Haverá uma via de saída para a mortandade que está a consumir a Síria? «Agora é evidente que não pode haver uma solução militar, a única via de saída é a diplomática. É necessário abrir uma mesa de negociações que envolva todos os protagonistas: o governo, as oposições, a sociedade civil (incluindo os líderes religiosos), os actores regionais e internacionais (e não se poderá excluir o Irão, como foi feito antes). O fracasso substancial das duas conferências anteriormente realizadas em Genebra deve-se ao facto de que quem se sentava à mesa tinha como objectivo a vitória sobre o adversário, mais do que alcançar a paz. Mas não havendo disponibilidade para o compromisso em vista dum resultado estável e duradouro, não se chega a lado nenhum. A palavra de ordem deve ser “diálogo”. E desde logo deve cessar o ignóbil fornecimento de armas aos contendores por parte de Estados que visam a desestabilização da Síria: o que se está a passar aqui é um capítulo da terceira guerra mundial por partes, que o Papa Francisco evoca há tempos».
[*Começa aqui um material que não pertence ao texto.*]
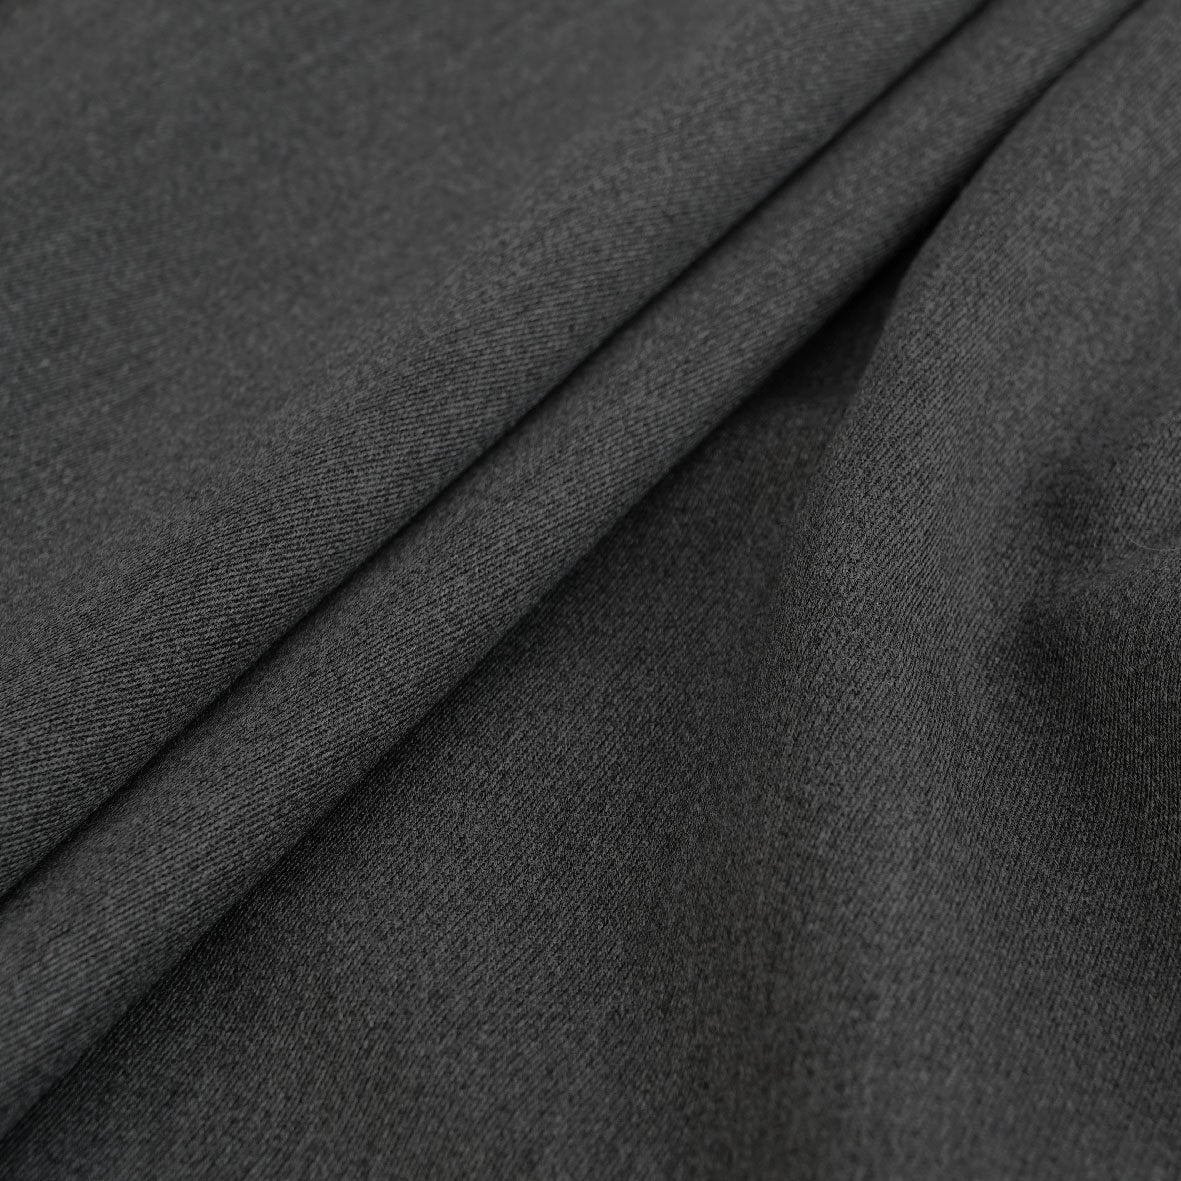 Melange Grey Jacket Fabric 2409 - Fabrics4Fashion

«Estamos cansados». A Síria é um dos berços do cristianismo, foi em Antioquia (que só a partir de 1939 passou a fazer parte da Turquia) que pela primeira vez os seguidores de Jesus foram chamados “cristãos”. Aqui ao longo dos séculos configurou-se um mosaico de povos que testemunhou a possibilidade de convivência entre culturas e fés religiosas diferentes, aqui a diversidade é algo comum. Alepo, a cidade que, mais do que as outras, encarnou esta vocação, é há meses campo de batalha entre as forças governativas, os rebeldes de Al-Nusra (ramo da al-Qaeda) e as milícias do Estado Islâmico (ISIS). Precisamente dali, em meados de Abril, por ocasião da festa da Páscoa ortodoxa, ergueu-se o grito dos chefes das confissões cristãs, com um documento significativamente intitulado Ressurreição do Salvador ou sepultura dos fiéis?. «Vimos e chorámos: corpos retirados dos escombros, bocados agarrados às paredes e sangue misturado ao solo da pátria. Dezenas de mártires de qualquer religião e confissão, feridos e mutilados. Estamos cansados. Fechem as portas à venda de armas e detenham os instrumentos de morte e o fornecimento de munições. Querem que fiquemos feridos e humilhados, mutilados e destituídos de toda a dignidade humana? Ou que nos vamos embora à força, e sejamos manifestamente destruídos?». O apelo termina com um clamor: queremos que esta cidade continue a ser a mesma Alepo de sempre, «a jóia preciosa da coroa do nosso país, com todas as suas componentes e a sua diversidade civilizacional, cultural, religiosa e confessional».